Past the pyres, O so entrancing
And with your warriors you made yourself a home
To spite the mountains overhead
I dared not speak a word of honor or of truth
Cause truth is only for the dead
-From "Claim the Sun", a Karzakh Gaurl song
In a camp just to the south
Avishag lay on her belly in the prefabricated house when she intercepted the first signal. Melik was sitting nearby, his back against the wall, head leaning against the metal. He`d been in that position for so long that his hair was pressed against his head like a single matted sheet. Badem stood nearby, leaning against the wall just the same, but with his arms crossed in front of him, staring out at the light beyond through the miniature slatted windows of the teens` hideaway house.
She was working the radio receiver, a makeshift machine scrabbled together from spare parts, old bits of wire scrounged from the other houses when people weren`t looking or didn`t care. The pride and joy of it all, the central construction, was a crystal that vibrated to the correct frequencies, which Avishag had torn out of an old broken radio. The wiring of that old unit was too badly corroded to be useful, but the core parts weren`t bad, so she`d just slotted them all together on an old board. The exposed wiring meant that this radio was one of the most fragile things she`d ever built, but she couldn`t get everything to fit inside the case.

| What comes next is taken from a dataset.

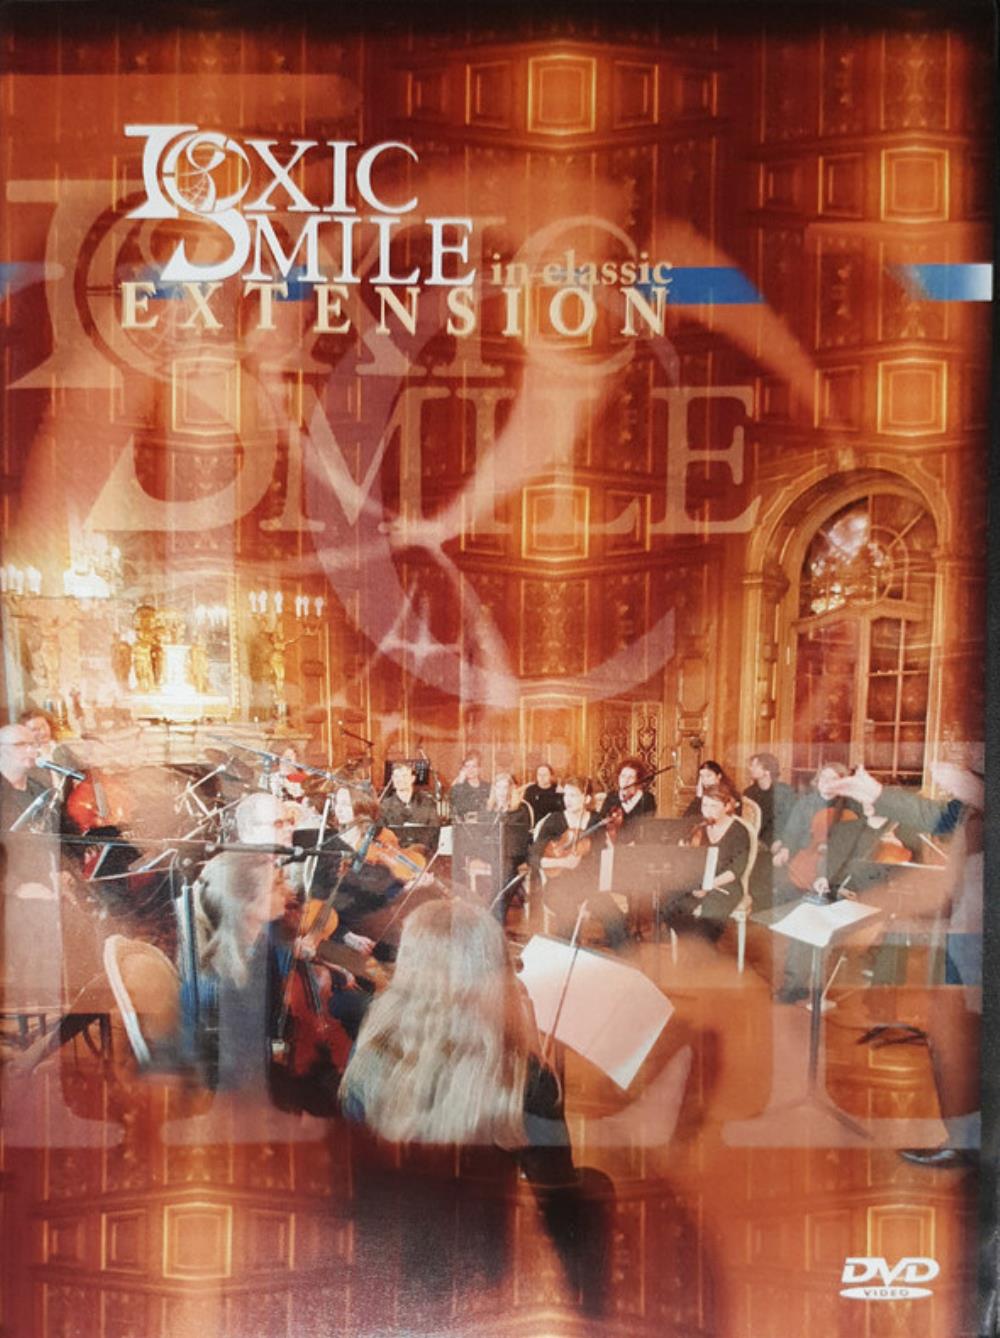 Toxic Smile In Classic Extension album cover

Melik got upset every time she started trying to strip out the corroded wiring, said something about how she was going to cut herself on that stuff.
So the first signal came with Avishag in one corner of the room, a makeshift headphone pushed against her right ear, and it said, "Wiktor, you still in position?" The voice was staticky, but clearly comprehensible.
That voice was completely unfamiliar to Avishag, but hearing the accent made her hair stand on end. She ran a hair over her scalp, massaging with the pads of her fingers, grumbling quietly to herself to keep the nerves at bay.
"Yes," another voice said, and Avishag tilted her head, adjusted the headphone. "I can see your building. No one on the walls appears to have spotted you, just give me the word if you suspect otherwise. I`m still in the clear, and I`ll let you know if that changes." She lowered the headphone for a moment.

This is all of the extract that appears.